Bank of Canada governor Mark Carney was on CBC TV today and was again letting us know what some of the signs we are headed for recovery. I have recently blogged about this here, here, here and here but since my quest is to always show the other side of the story that the media shy’s away from here we go:
1) Fiscal policy around the globe has been easing, because there are clear signs that the measures have been taking hold, not the least of which is when global central banks start easing their monetary and fiscal policies they are signaling they are responding to the market improving.
2) He mentions there has been a sharp increase in business and consumer confidence, he also referred to a stabilized real estate market, yes folks it’s true the real estate market has stabilized, better get off the fence.
3) He mentioned sharply dropping business inventories a lot, which I reported from Benjamin Tal’s presentation last week. This is not often talked about but is incredibly important for a recovery, once businesses shed their over inflated inventories left over from the lack of sales brought on by the recession, they will have to start producing more which equals increased productivity and jobs etc, which spells r-e-c-o-v-e-r-y.

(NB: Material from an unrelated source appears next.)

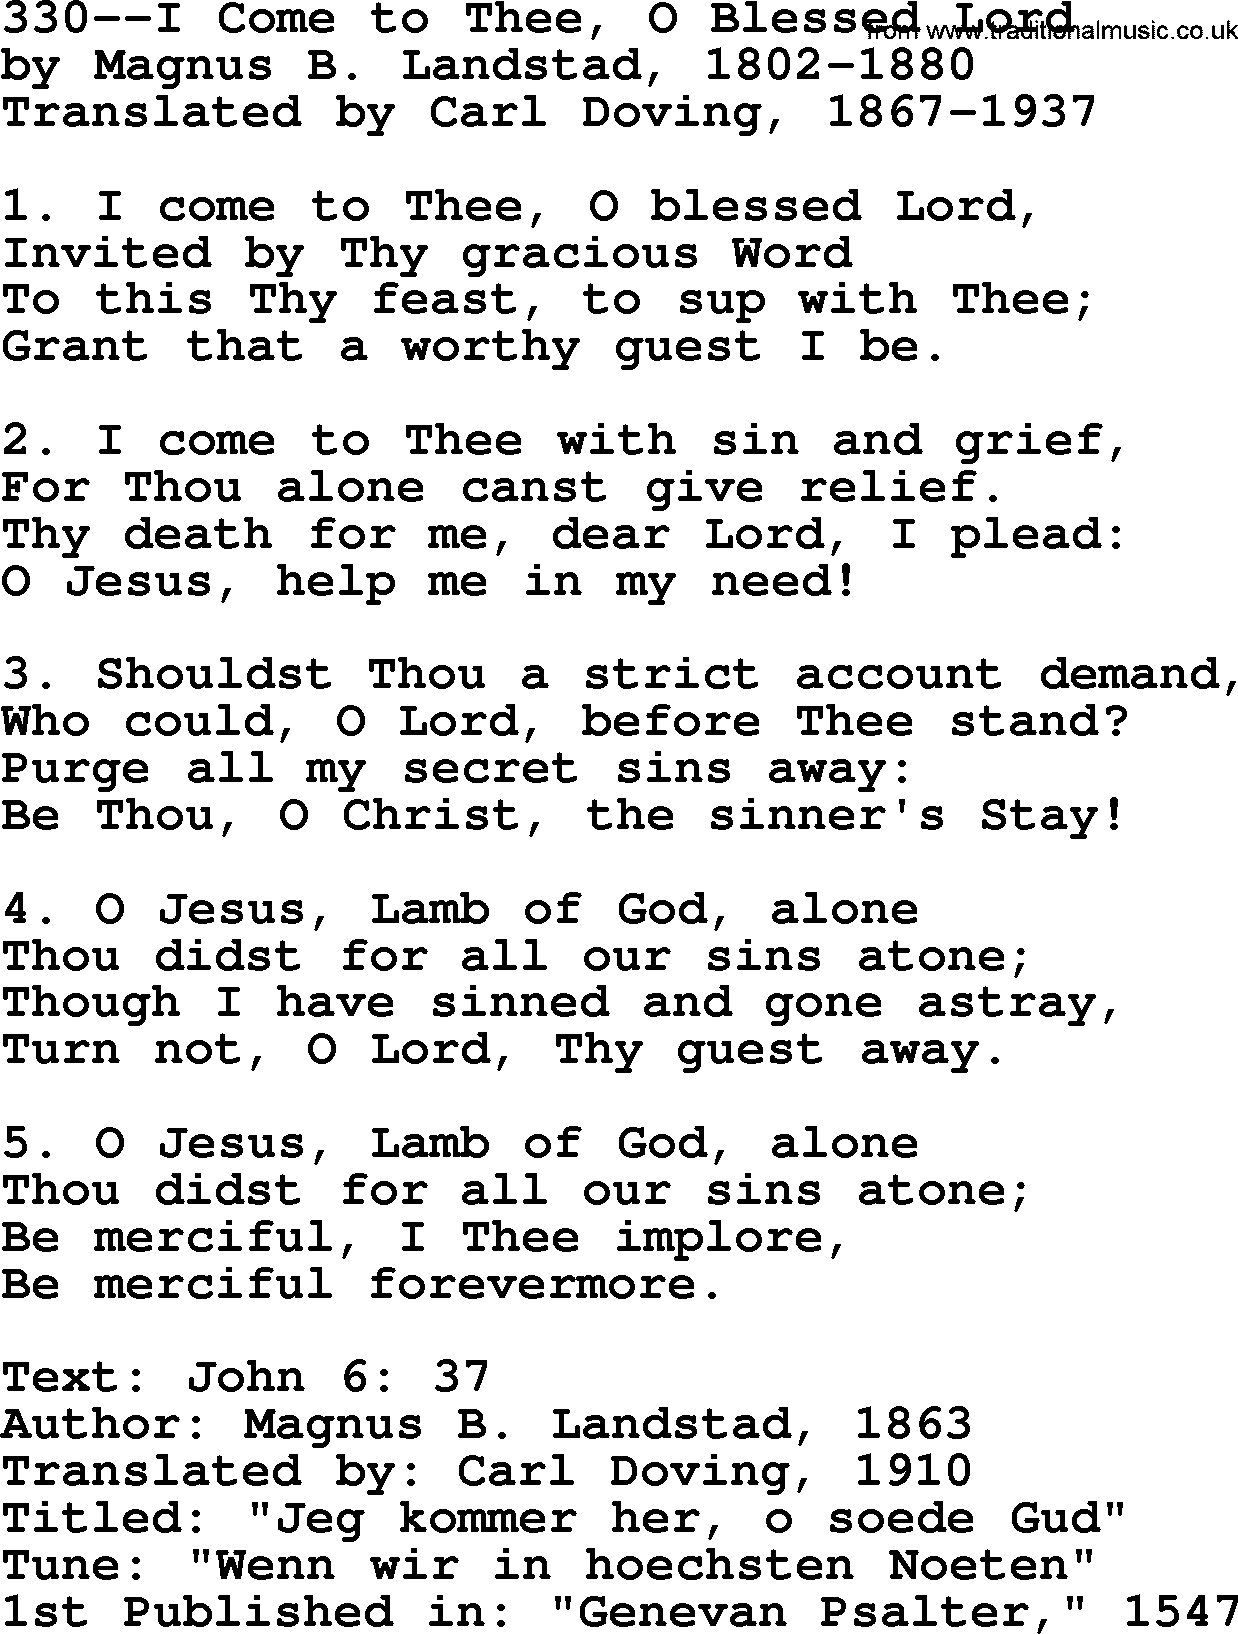 Lutheran Hymn: 330--I Come to Thee, O Blessed Lord.txt lyrics with PDF

In fact in the US although their economy dropped by 6% in the first quarter, which is of course bad, but it is largely due to the massive dropping of inventories to the tune of $103 Billion. It is really akin to the US economy ripping off the band-aid and thank God they are doing it. The faster we shed these inventories the faster we get to recovery. I would rather see a real, real bad quarter, in fact Benjamin Tal correctly called the first quarter of 2009 the darkest hour of this recession and probably the darkest hour since 1945. But it’s over. This was painful but necessary to get us to the recovery point sooner.
4) The most pessimistic analysts and economists are forecasting recovery in lockstep with the Governor. In fact one of the most outspoken negative economists was Warren Jestin from Scotiabank who said on Friday “the worst is over for the Canadian economy and that a sluggish recovery is underway”. You know when the pessimists are saying something is positive, you better believe it.
One side note I thought was interesting, was when the Governor did a reversal from his last interest rate cut announcement, not even a month ago, when he said then that he absolutely would hold the bank rate at it’s current level until June 2010. Today he said “the rate promise is an ‘absolutely conditional promise’ based on inflation remaining tepid.
Thanks Mark, we know your primary job is controlling inflation and you will increase rates to do so. What is telling foreshadowing is that the bank is concerned inflation may come back sooner then many people expect. It will.
Recently I read a blog where the writer said that in 12 months we will be concerned about deflation, not inflation, due to excess inventories as a result of reduced demand, excess labour supply, etc. He is not paying attention. He is speaking about recessionary symptons. As almost every expert says 12 months from now we will not be in a recession, and for many reasons you can read here we will be battling inflation hard.